Not sure what the rest of you are seeing, but I find the new look very easy to read. Got back from Japan last night, logged in here looking for HD news on Dish, and couldn't figure out what was going on.


----------



## bruceko

At first I was thinking what the f---.
Now I find it much easier to read.


----------



## houskamp

so is this the lead up to the Mod war of 2008? :lol:


----------



## wweguy

No offense, but it looks like crap.

April Fools jokes are supposed to be FUNNY, not annoying.


----------



## tcusta00

whoa, someone forgot to take their happy pill today! :lol:


----------



## Incog-Neato

Eeeeeeew ..... fugly!


----------



## Greg Alsobrook

wweguy said:


> No offense, but it looks like crap.
> 
> April Fools jokes are supposed to be FUNNY, not annoying.


*i agree... that was ridiculous... i'm never coming to this site again!!!*


----------



## tcusta00

I call for a strike!!


----------



## tcusta00

Okay, I'm back, I couldn't stay away


----------



## Greg Alsobrook

tcusta00 said:


> Okay, I'm back, I couldn't stay away


me too... i'm over it... :lol:


----------



## phrelin

It's cool that I have a choice.

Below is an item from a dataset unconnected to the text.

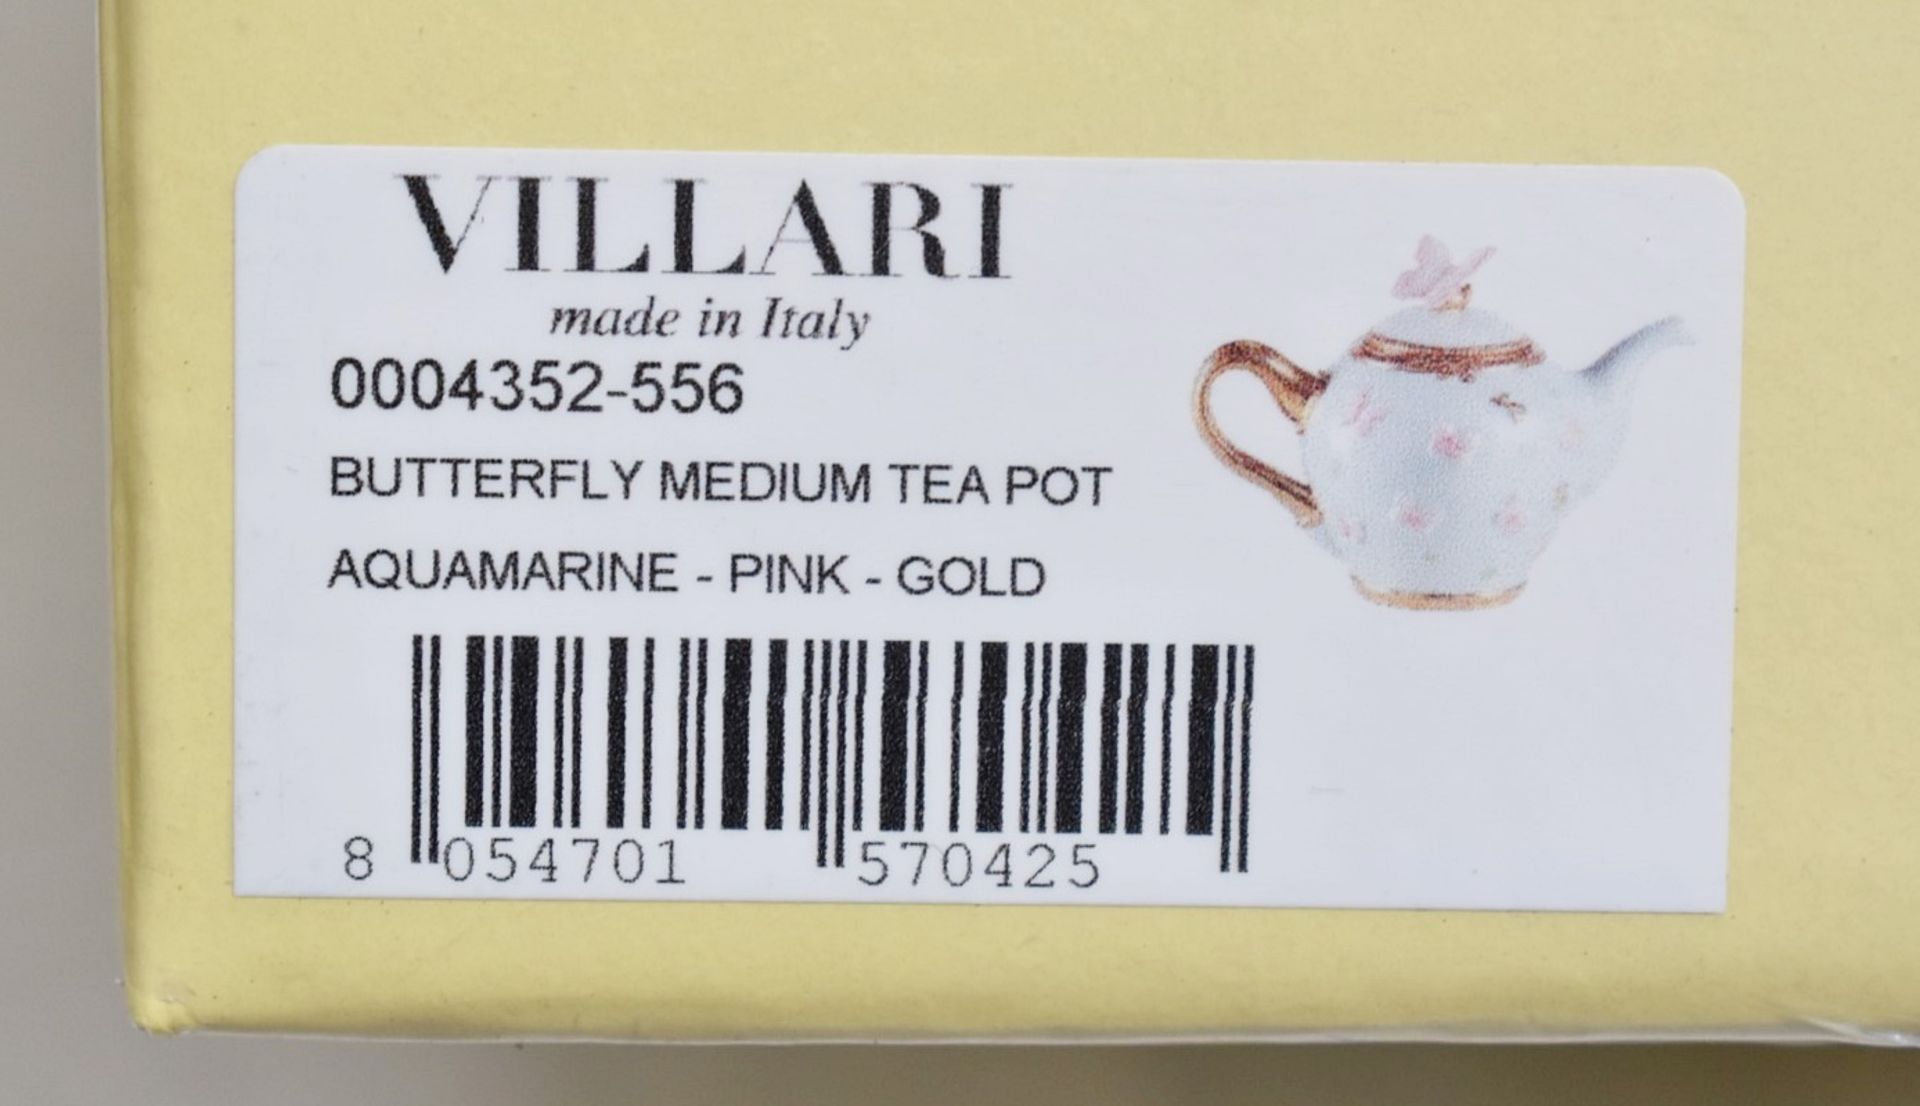 1 x VILLARI Hand-crafted Luxury Italian Porcelain Butterfly Tea Pot - Sealed/Boxed - RRP £365.00 - Image 2 of 4

It's just weird that I don't like any style but the default. Too much a creature of habit.


----------



## djzack67

Chris Blount said:


> Just having a bit of fun today.  You can change it back to "DBSTak Default" using the style dropdown at the bottom of each page.


I like it.


----------



## jims

It is a nice new feature, my first thought was that it was similar to what Google did yesterday for Earth Day where they turned off the lights.


----------



## jims

It is also good to have a mobile version.


----------



## Chris Blount

What's interesting is that the dark skin has been on the site since the first year we existed and many users are now seeing it for the first time. Maybe next year I will try one of the other skins.


----------



## tcusta00

Hey at least you're educating people about the different features of the site!


----------



## Chris Blount

tcusta00 said:


> Hey at least you're educating people about the different features of the site!

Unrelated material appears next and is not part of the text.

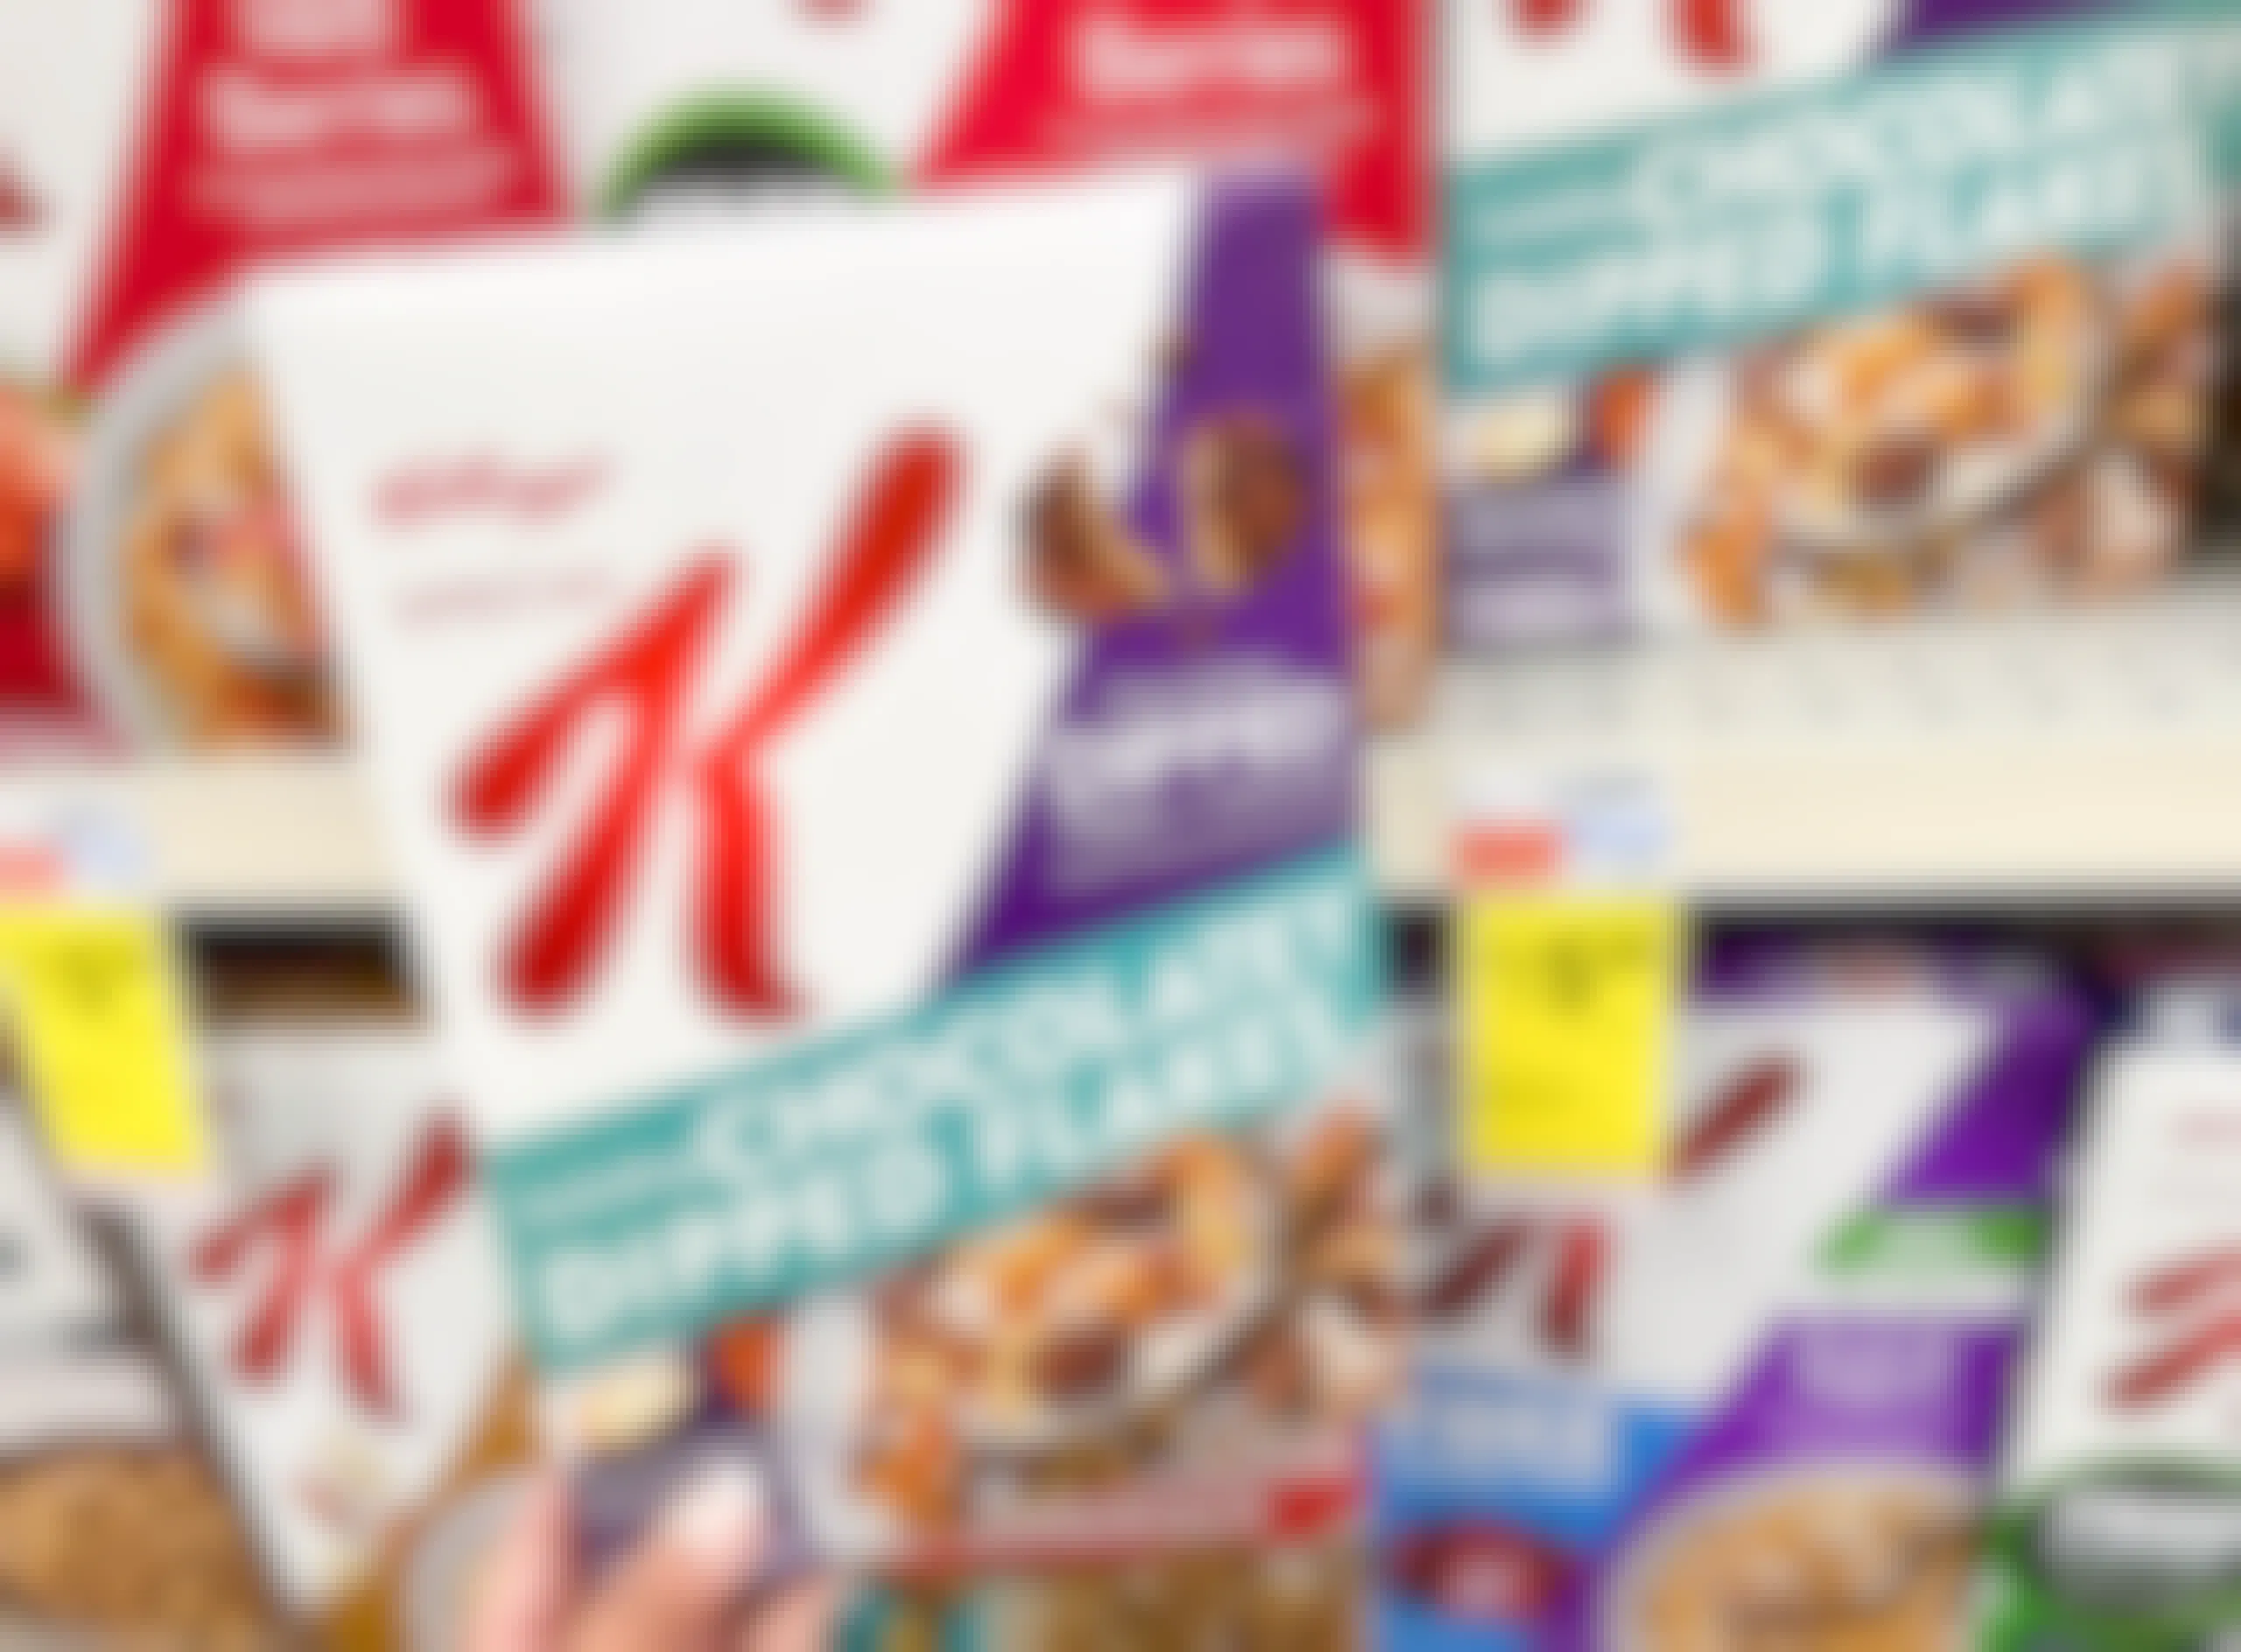 hand holding box of Special K cereal next to sales tag

That is what I liked about this little "prank". It can be easily bypassed and it draws attention to some of the other optional skins we have available. The staff kicked around doing false news stories but I think there will be enough of those around the net. We thought it prudent just to stick with the facts today.


----------



## tcusta00

Chris Blount said:


> The staff kicked around doing false news stories but I think there will be enough of those around the net.


You underestimate the mindset of the membership here, too, to perpetuate said stories: :lol:

http://dbstalk.com/showthread.php?t=124568

I'm sure more will be forthcoming.


----------



## jgriffin7

Chris, I didn't even know we could change this stuff, so thanks for pointing it out. I love it!


----------



## houskamp

http://www.dbstalk.com/showthread.php?t=90369


----------



## Greg Alsobrook

houskamp said:


> http://www.dbstalk.com/showthread.php?t=90369


:lol: ... that's awesome!! i wasn't really active back then so i missed that...


----------



## houskamp

That day was a riot


----------



## SDizzle

I will leave the skin this way for today, I will play along!


----------



## Colochief

I like the new look!!!!


----------



## Drew2k

Chris Blount said:


> Just having a bit of fun today.  You can change it back to "DBSTak Default" using the style dropdown at the bottom of each page.


But! But! But! I have 42 pages open from my email subscription messages ... I have to change each one - one at a time! :eek2:


----------



## bobnielsen

I was able to reset it yesterday, but this morning it somehow reset itself to "DBSTalk Mobile". That looked really weird!


----------